Zeynep, güne alarmının sesisyle erkenden uyandı. İçinde iyi bir his vardı. Sanki bugün başaracakmış, bahtsiz talihini kıracakmış gibi bir his. Bu hisle heveslenerek hemen kalktı ve elini yüzünü yıkadı. Çayıyla birlikte bir şeyler atıştıran Zeynep, hiç vakit kaybetmeden dişlerini fırçaladı ve giyinmeye başladı.

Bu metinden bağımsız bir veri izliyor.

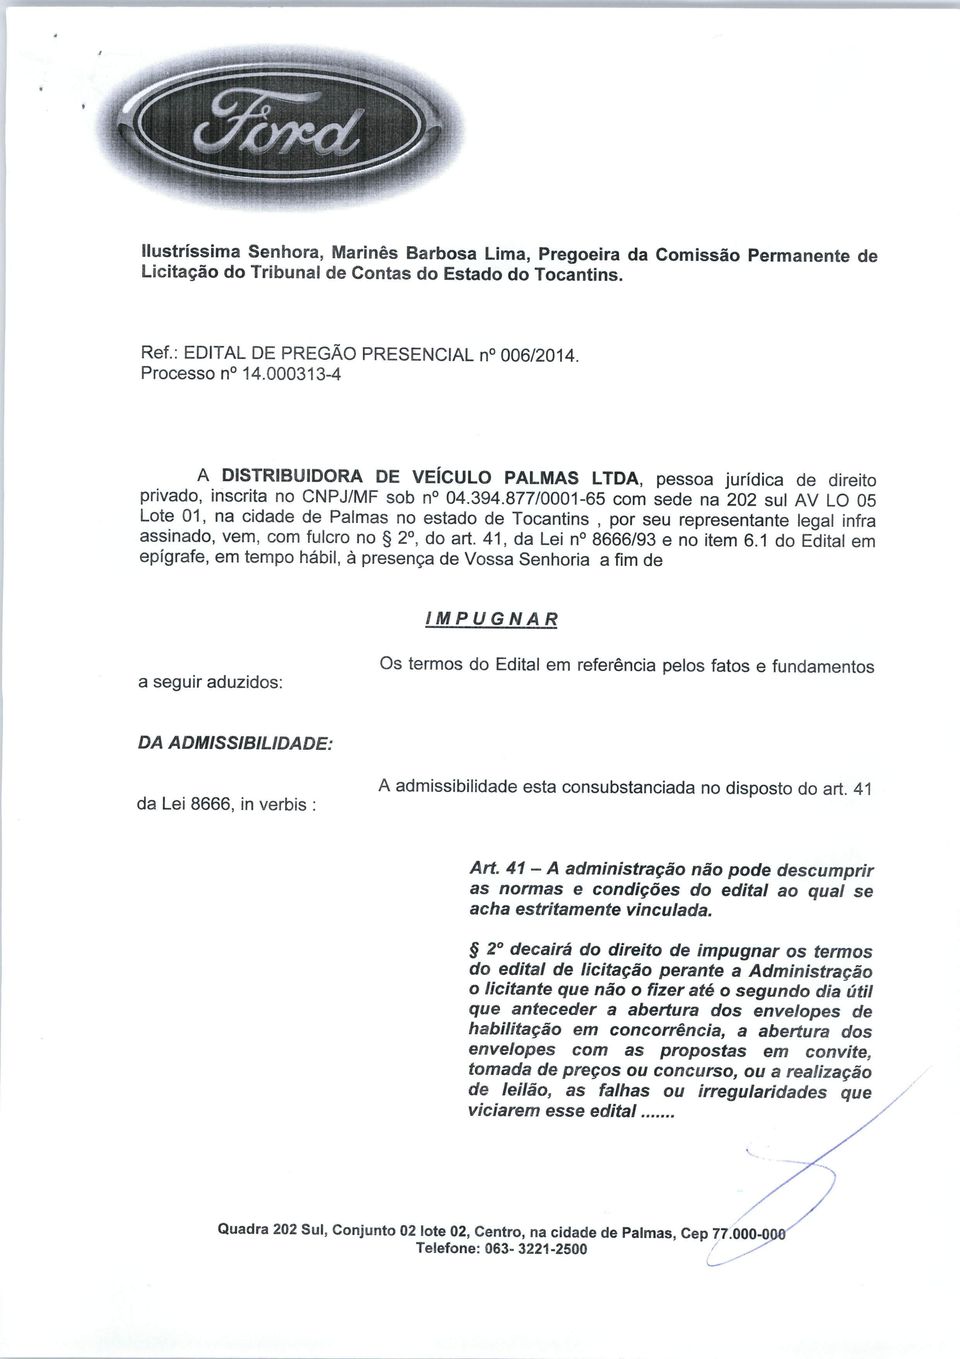 877/0001-65 com sede na 202 sul AV L 05 Lote 01, na cidade de Palmas no estado de Tocantins, por seu representante legal infra assinado, vem, com fulcro no 2o, do art.

Üzerine beyaz salaş ama şık bir gömlek, altına da siyah kumaş bir pantalon giydi. Uzun, zarif ve altın kolyelerinden birini ve saatini de taktı. Üzerine blazer siyah bir ceket ve kaşe kabanını da alarak kapıya yöneldi. Çıkmadan kapının yanındaki aynaya bir bakış attı ve gülümsedi. Kesinlikle kendisini iyi hissediyordu.
-
Kesinlikle kendisini kötü hissediyordu.
Otobüste kafası cama yaslı, kulağında kulaklıkla dışarıyı seyrederek eve dönen Zeynep, artık ağlamamak için zor tutuyordu.
O aptal Luke, bu kadar insanı etkilemeyi nasıl başarmıştı, ne diyerek onların reddetmesini sağlıyordu kesinlikle bilmiyordu. Üstelik şirketler de Smith Teknoloji Şirket'i gibi çok büyük olmayan şirketlerdi.
Bugün iki yerden de olumsuz cevap almıştı Zeynep. İki aydır her adımında geri sürükleniyordu sanki. Sabah içindeki hisse nasıl da hemen inandığını bilmiyordu. İki gündür bara da gitmediği için canı oldukça sıkkın olan Zeynep, kafasını kaldırarak tam önündeki camdan dışarıyı seyretmeye başladı.
Dışarıda yağmurun yağışını ve yağmurda şemsiyeyle yürüyen insanları seyrediyordu. Zeynep yağmurda yürümeyi çok severdi. Ama eğer günün geri kalanında o ıslak kıyafetlerle dolaşmak zorunda değilse. Sonra farketti ki zaten evine gidiyordu ve gelmesine iki durak kalmıştı. Hemen aceleyle ilk durakta inmek için ayaklandı.
Dışarıya attığı ilk adımda içine çektiği derin nefesle bile biraz rahatlamış hissetti. Kulağında kulaklıkla ağır adımlarla yürümeye başladı. Yağan yağmur hafif hafif ıslanmasına neden olurken, müziğe odaklandı.
Kulağında naif naif çalan Sezen Aksu şarkısı biterken gülümsemeden edemedi. Yeni gelen hateketli şarkı ile Zeynep'in keyfi biraz daha yerine gelmişti doğrusu. İçindeki dans etme dürtüsünü bastırmak zorunda kaldı. Çünkü insanlar bunu tuhaf karşılarlar. Çünkü insanlar her şeye karışır.
Yüzündeki gülümsemeyle kafasını kaldırdığında yağmurun durmak üzere olduğunu farketti. Kara bulutlar dağılmaya başlamıştı ve gökkuğı ortaya çıkmıştı. Hayatta böyleydi, elbet bir gün kara bulutlar çekilir ve gökkuşağı açar. Bir gün kendi hayatında da gökkuşağının çıkacağını umut etti ve kendini daha iyi hisseden Zeynep, yoluna gülümseyerek devam etti.
-
Eve gelir gelmez üzerindekilerden kurtularak duşa giren Zeynep, üzerine siyah baskılı ve oversize bir sweatshirt geçirdi. Altına da siyah, rahat bir eşofman giyerek mutfağa yöneldi.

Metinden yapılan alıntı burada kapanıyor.